Top of Data excerpt

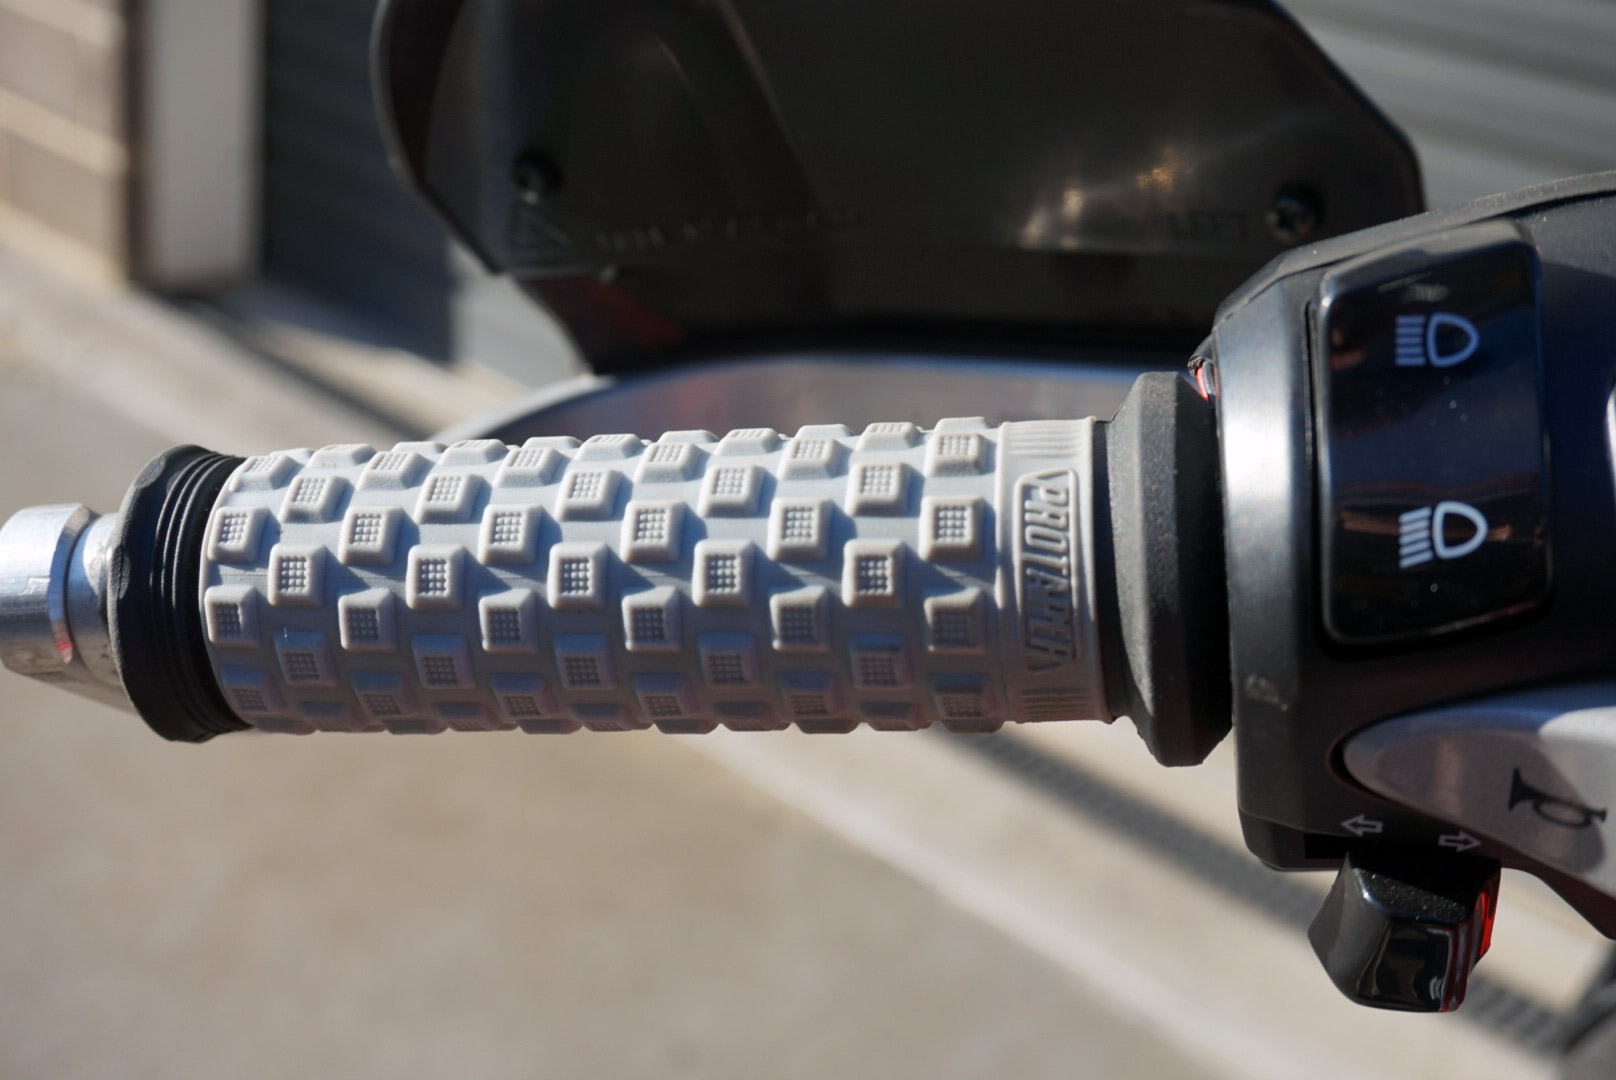 The Pro Taper Pillow Top grip installed on the Honda CRF250 Rally
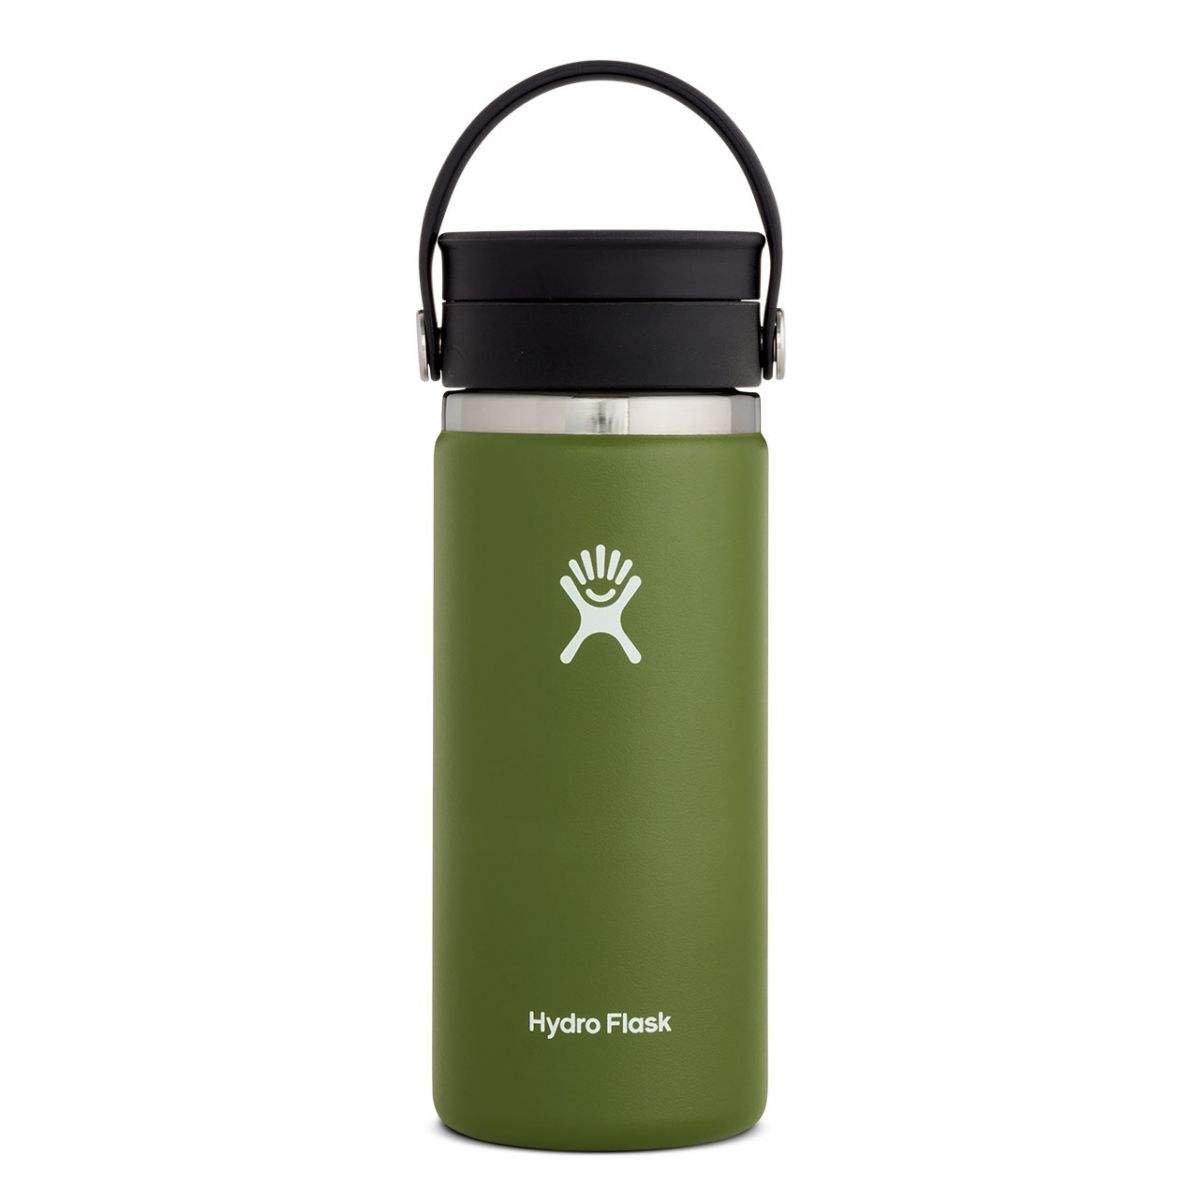 16 oz Coffee Flask w/ Flex Sip Lid ny Hydro Flask - The Luxury Promotional Gifts Company Limited
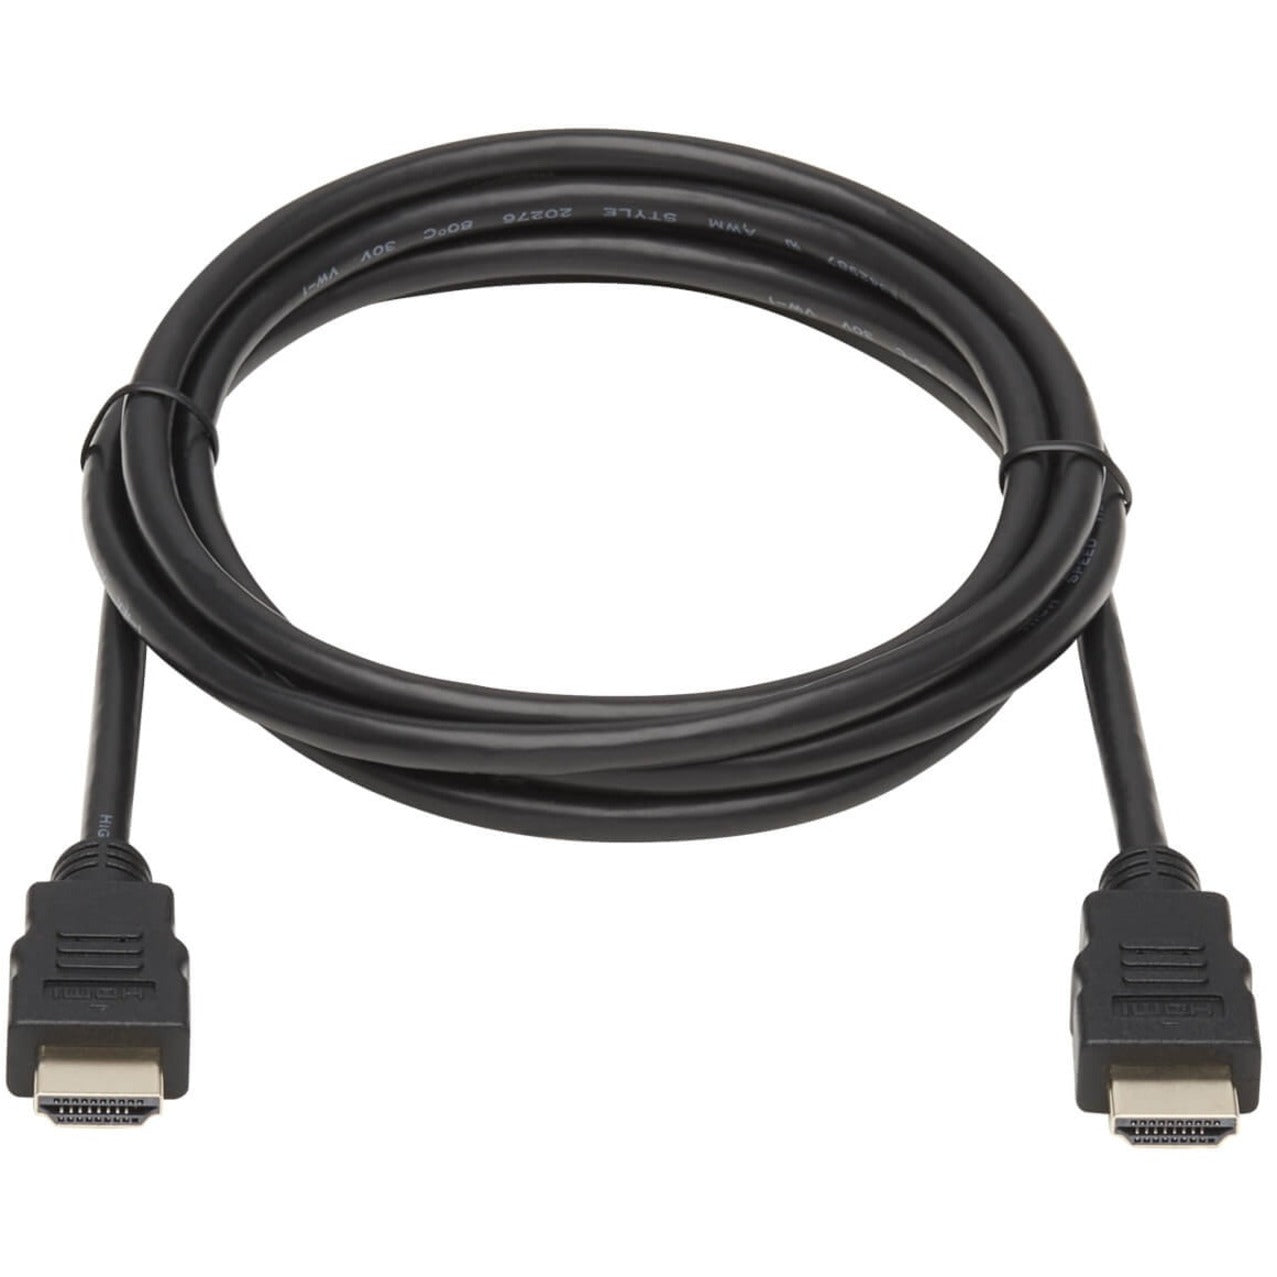 Tripp Lite P568-012 HDMI Cable, 12 ft, Gripping Connector, EMI/RF Protection
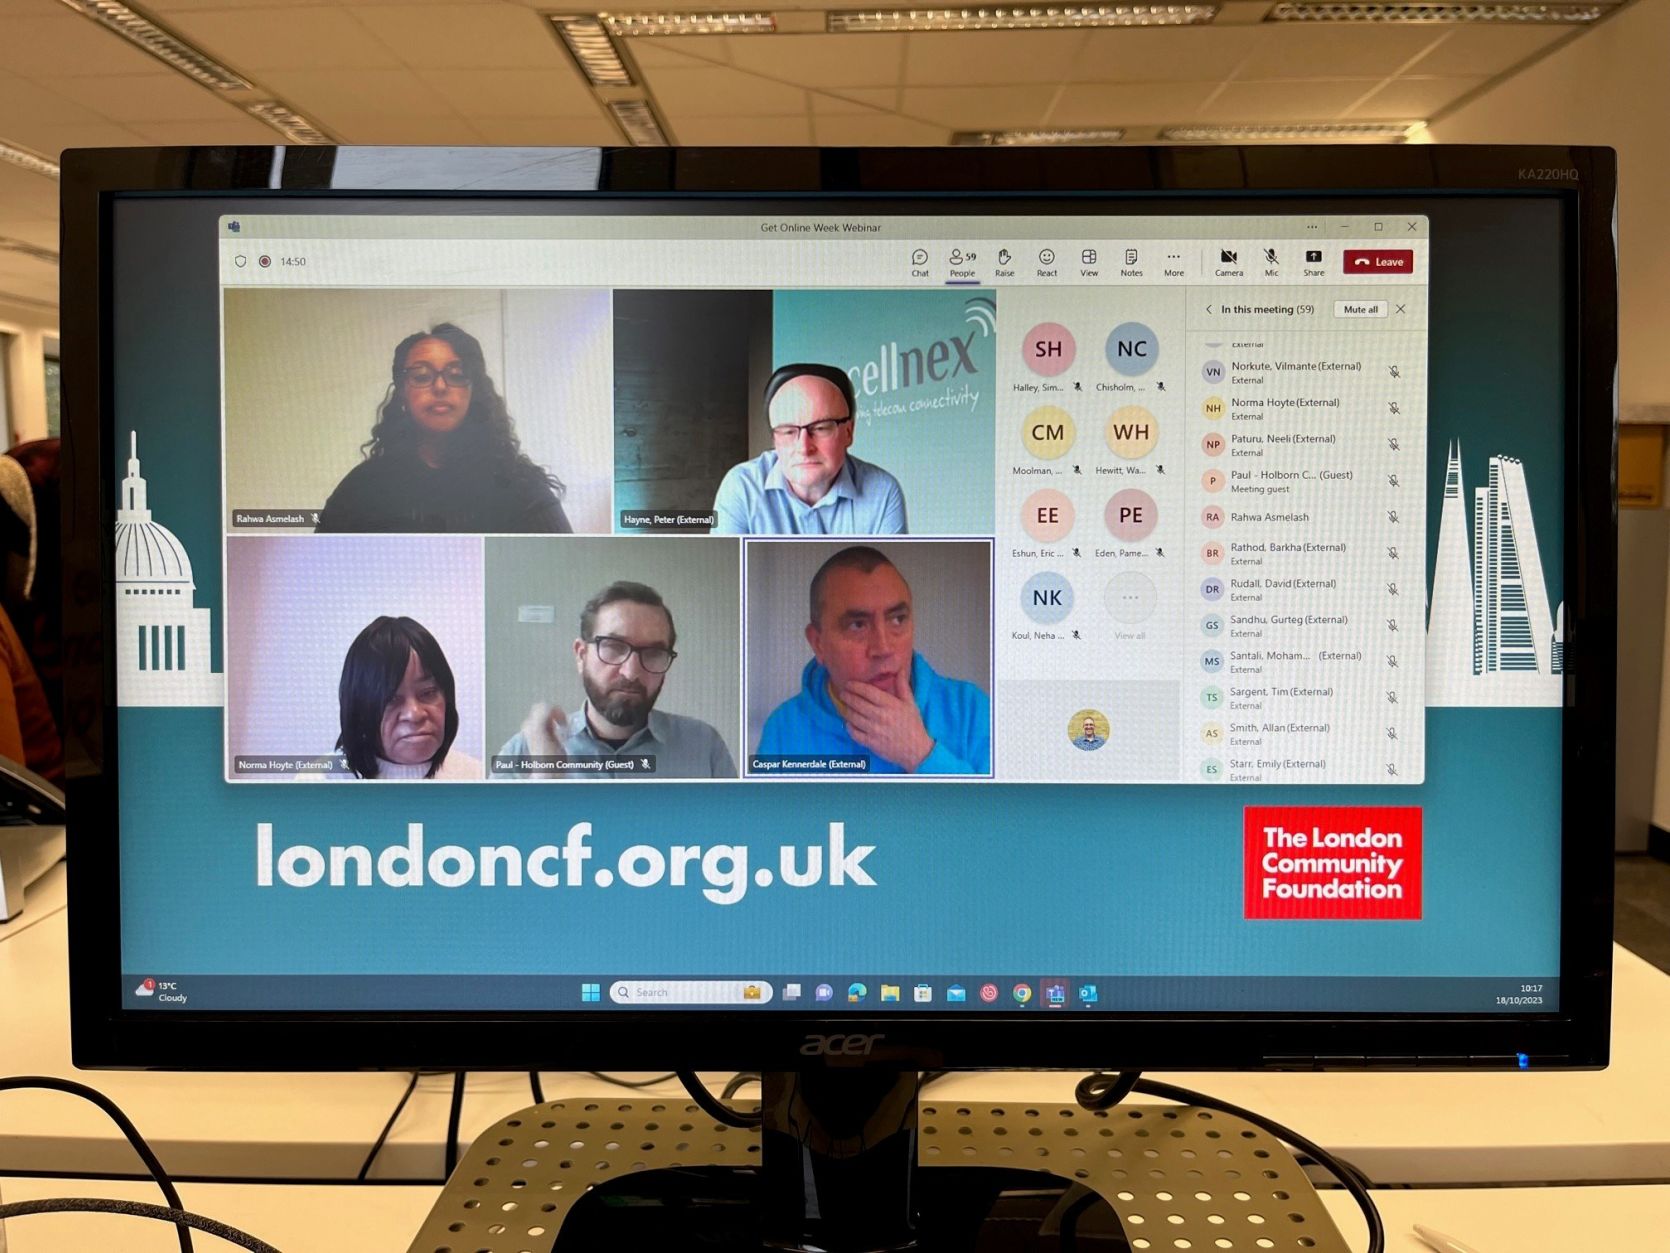 A screen shot of the Cellnex webinar featuring five different speakers and the accompanying chat window. Behind on the background of the screen can be seen a white London skyline and the words 'londoncf.org.uk'.

Bottom of Data excerpt

> **Activity**:
Give the data above again in full and unchanged, skipping the pictures.

> **Solution to the exercise**:
 The Pro Taper Pillow Top grip installed on the Honda CRF250 Rally
 16 oz Coffee Flask w/ Flex Sip Lid ny Hydro Flask - The Luxury Promotional Gifts Company Limited
 Tripp Lite P568-012 HDMI Cable, 12 ft, Gripping Connector, EMI/RF Protection
 A screen shot of the Cellnex webinar featuring five different speakers and the accompanying chat window. Behind on the background of the screen can be seen a white London skyline and the words 'londoncf.org.uk'.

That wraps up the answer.